Books have been the subject of interesting and important discourses for philosophers for very long time. Impatient time of us can ignore but can't argue that "A room without a book is a body without a soul" (
Marcus  Tullius Cicero). In the same line of thought some of us, the old believers feel the irresistible urge to champion the idea of paradise which is nothing but a enormous library aka systematic/ scattered organization of unimaginable number of books. 
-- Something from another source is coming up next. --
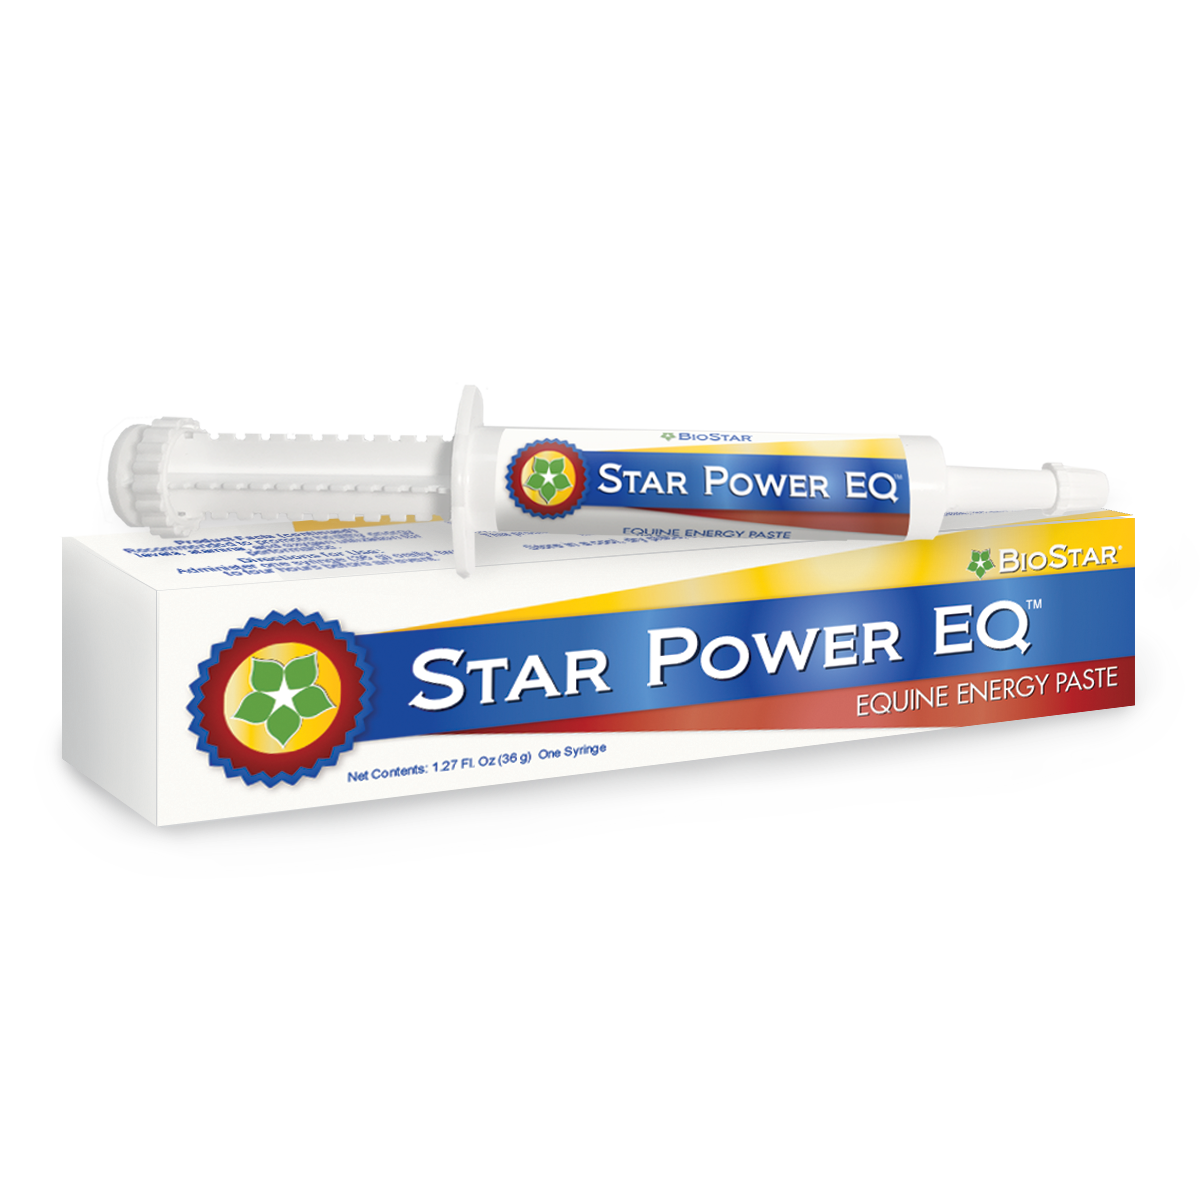 Star Power EQ

I believe the idea of infinite library always existed in human imagination but in words it was first expressed by Kurd Lasswitz in his story The Universal Library. And this idea has drawn certain amount of literary and scholarly attention till recent years. The debates have been around the possibility of such a library and so on where the impossibility is stated thoroughly by the mathematical enthusiasts (where they took the dimension reference from Borges's The Library of Babel). But in recent years prominent philosopher like William van Orman Quine argued about the possibility in his essay
In this current piece I am not seeking an seclude to the special tribes of librarians in the intricate loops of hexagonal library system thought by the Argentinean mastermind of words rather I am seeking a route to another short but great work by him much after the library foundation. 
(ii)                
        "I carry them, men and women—I carry them 
         with me wherever I go, "-- Walt Whitman 
This route starts from the great Indian city of 'Bombay' and by an unknown phase of time it reaches Bikaner in North India. Then by some means through a Scottish Bible trader it reaches in the hand of the narrator of the story who is a retired librarian and possess great passion for books. In praise of the of the book the handler says “Look at it well. You will never see it again.” and continues to “If  space is infinite, we were anywhere, at any point in space. If  time is infinite, we are at any point in time.”
Yes, readers I am talking about El Libro de Arena brilliantly translated in English by Andrew Hurley as  The Book of Sand in the Penguin published short story collection of Borges with the same name as the story. 
As the name suggests in the span over slightly over sixteen hundred words Borges writes about a magical concept of an infinite book. The torn yellowed colored papers are written in unknown Hindu scriptures and marked with Arabic numbers. The book magically does not have a start or an end so the narrator can't reach to the same page or context after closing the book/flipping a certain page ever. Even when he tries to reach the first page at his awe he discovers some pages between his fingers as if they just grew up in a germination kind of process. The narrator trades this book from the unknown Scot by giving him a rare copy of Bible from his collection and his pension of a month. And gradually the book takes the control of his life. As a child of destiny he engages his conscious and even sub-conscious to solve the impossible riddle. He does not disclose this possession to anyone and becomes so concerned about the security of it that he stops leaving his place. With time passes by he realizes the abstractness of living with this book and leaves it in some unknown corner of the library where he used to work before (from where possibly some (un)-fortunate reader will discover it some day).
Reading Borges is always like living a conscious dream and its no different in this. I particularly loved the detailed description of the book, it's texture contents and meticulous description of author's co-living with the little infinite piece of infinity. This story does not echo the huge mechanism of infinite library but it's a more silent journey to the concept of complete library looking beyond the fragile human life by the ocean of time.